8 Monday, 30 November 2009 23:36

Reggie has been the fault of all of the companies problems, from day one to present. He hired a great president to run the company about 20 years ago and he was run off becasue he couldn't get along with the ego maniac.


Take a look at the past NY Boat Shows and see how he presents the company. That says it all.

7 Saturday, 28 November 2009 12:41
the really short sighted folks will be the ones who continue to extend credit to this guy...The olde "Marine industry two step" keeps everyone down by lowering the bar of professionalism for everyone.
6 Saturday, 28 November 2009 04:01
Reggie is the greatest boat builder of our time. God speed.
5 Thursday, 26 November 2009 02:40

260k divided by 12 months is $21,600.00 a month or roughly $5400.00 a week...I'd bet anyone on the assymbly line would take that anyday...did you know that Brunswick BBG average hourly pay is about $ 13.00hr times 40hrs is $540.00 a week....thats a long way away from $5400.00 a week...wow

4 Wednesday, 25 November 2009 19:36

I don't care what Reggie's salary is, you get what you get in the open market.  I just don't understand why you would hire someone to be President who has failed horribly at running a boat company.


Also, doesn't another company own the note against Fountain, how can they not be in charge of who runs the company?

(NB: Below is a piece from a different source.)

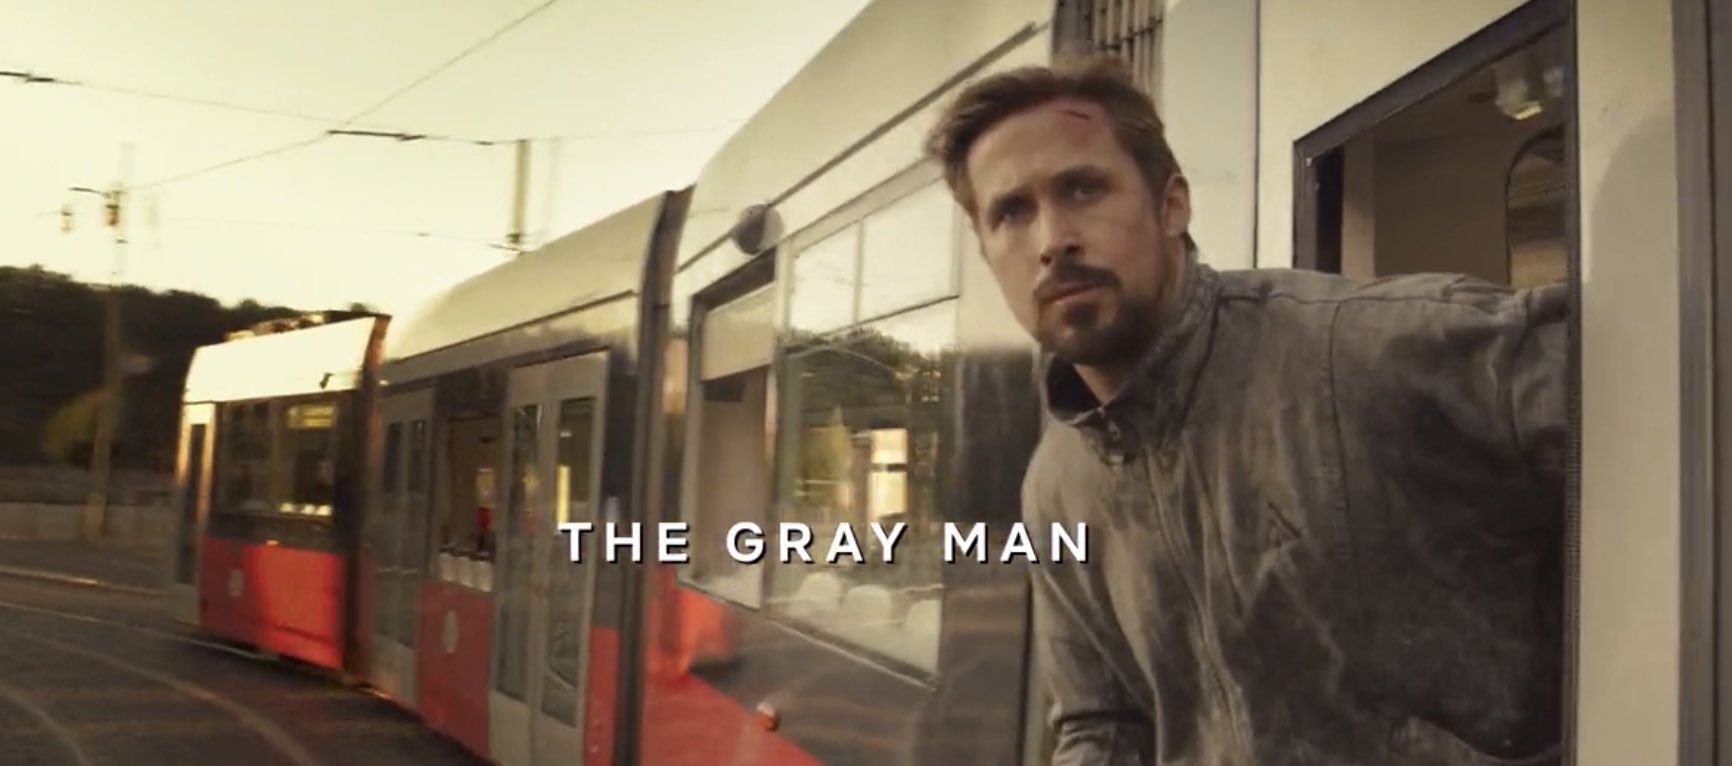 The Gray Man' Directors Explain How They Wrangled the Cast

And speaking of entitlment, since when does being the founder give you lifetime rights at being the President. You took on debt, owe companies money and failed at running the company.  Sounds like a good reason to be kicked out to me.


 

3 Wednesday, 25 November 2009 18:44
Its amazing when things go bad how short people's memories are.  Yes, Reggie Fountain was in charge when the company went bankrupt, he was also the one that started the company to begin with.  Had it not been for Reggie sticking his neck out to start Fountain boats, there would not have been a company to go bankrupt.  A company that has employed many for many years.  As for his salary?  When are we going to get off the entitlement band wagon?  Just because one doesn't earn $260,000 per year doesn't mean Reggie should not.  Why don't these people who are complaining go out and start or buy a boat company?
2 Wednesday, 25 November 2009 16:08

agree till the last line...over 1/2 million in salaries...could make whole a few more people who have lost their $$ on this...Why put the fox back in charge of the henhouse??


Anymore the courts just have NO common sense or business sense, whether it is GM or Fountain... pay back 5-18 cents on the dollar, get a clean slate to keep doing the same thing for a few more years - just makes no sense?

1 Wednesday, 25 November 2009 14:17
Looks good until the last paragraph. Fountain to receive $260K SALARY??  Didn't he get them in this mess to start with?  If he cannot live on $100K a year (a lot more than I make!) he has no business trying to reorganize this company.  get someone in that can manage money.